I used a pencil to sketch the design I wanted directly on the leather. Fairly simple, a dove in front of a sunburst. Once I had the my design drawn I used a swivel knife to cut it out.

Honest moment: This really was my first experience tooling leather. Because of that I didn't really know what I was doing and it was very much a learning experience. I started with the dove and I actually sort of carved the leather out, which is why that part looks very rough. I quickly realized that was most definitely not the way it was supposed to be done. I had thought that the stamps were just meant for additional texture and hadn't realized they were actually a necessary part of the process. Can you tell I was epxerimenting and not doing my research?

Anywho, all in all I still don't think the bird turned out terribly and I used a textured stamp around the sunburst to make it pop out and to shade around it.

Step 2: Setting Snaps

To add snaps to the cuff you need a hole punch and a snap setting kit. I figured out where the snaps should go by holding it around my wrist and eyeballing it... you can measure if you want.
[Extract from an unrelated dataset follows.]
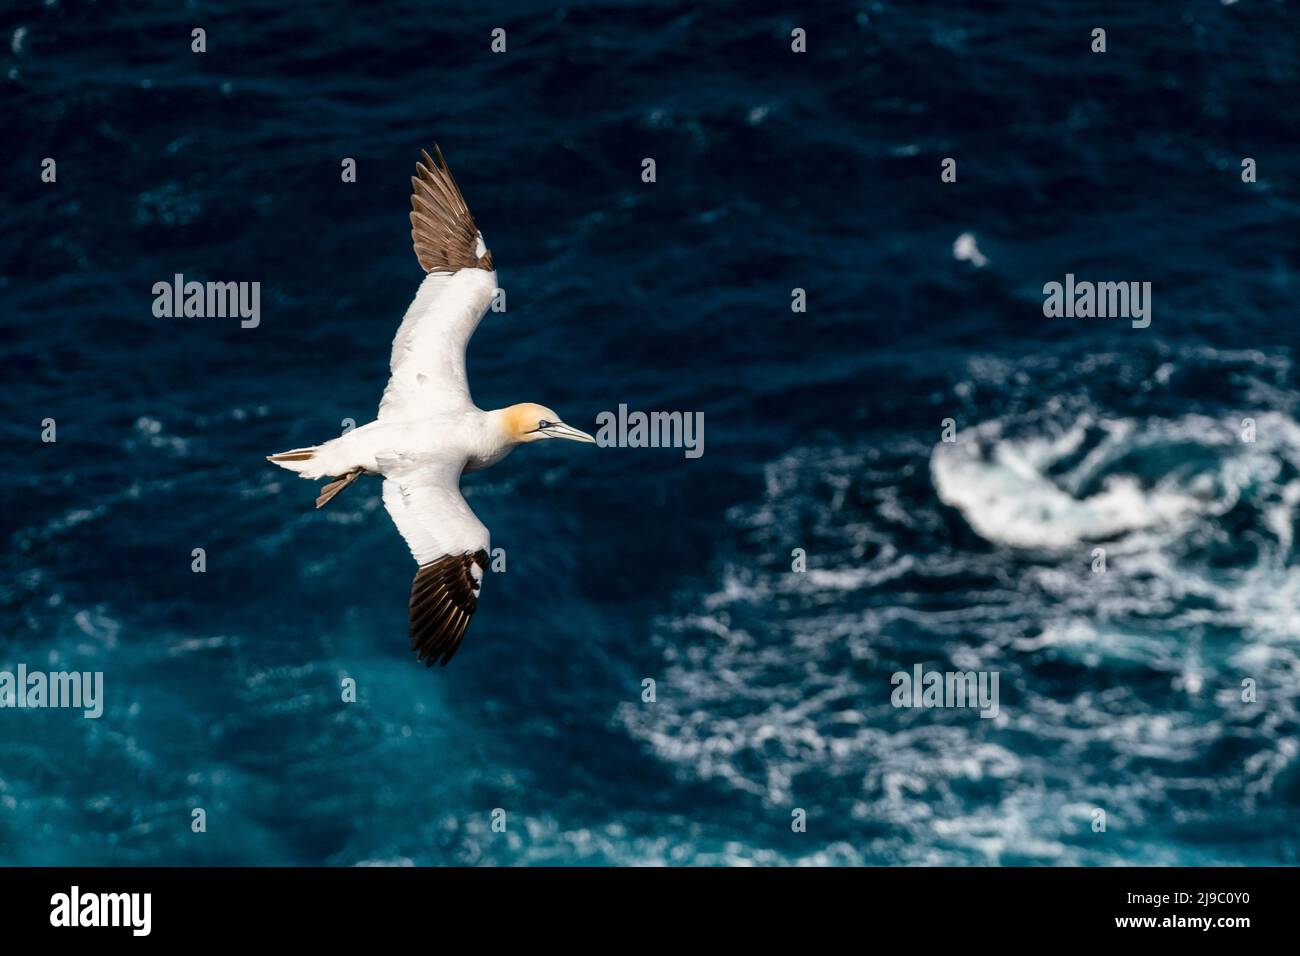 A gannet with trademark yellow head and bright blue eyes soars in perfect symmetry over the cobalt sea. Stock Photo

When punching the holes for the snaps always use the hole punch closest in size to the snap post. Usually one side of the snap is bigger than the other. the process is pretty simple but easy to mess up (I've ruined several snaps and rivets from just hitting it wrong, having the hole too big, etc.). First push the post through the hole. Then set it on the appropriately sized bump (they're numbered) on the "anvil". Set the other half of the snap on top. Then take the metal driver, place it on top of the snap, and whack it a couple times with your mallet. It's basically the same process for both the male and female ends. But for the male end the driver has a dimple in it that sits on top of the male end and for the female side the driver is slightly concave and sits on top of the rounded top of the snap.

If that doesn't make much sense the pictures should give you a fair sense of the order in which you should put the snaps together.

Step 3: Finishing Touches

I used an edge beveler to round the edges a bit and then went over them with an edge slicker.

And voila! You have now made your very own leather cuff.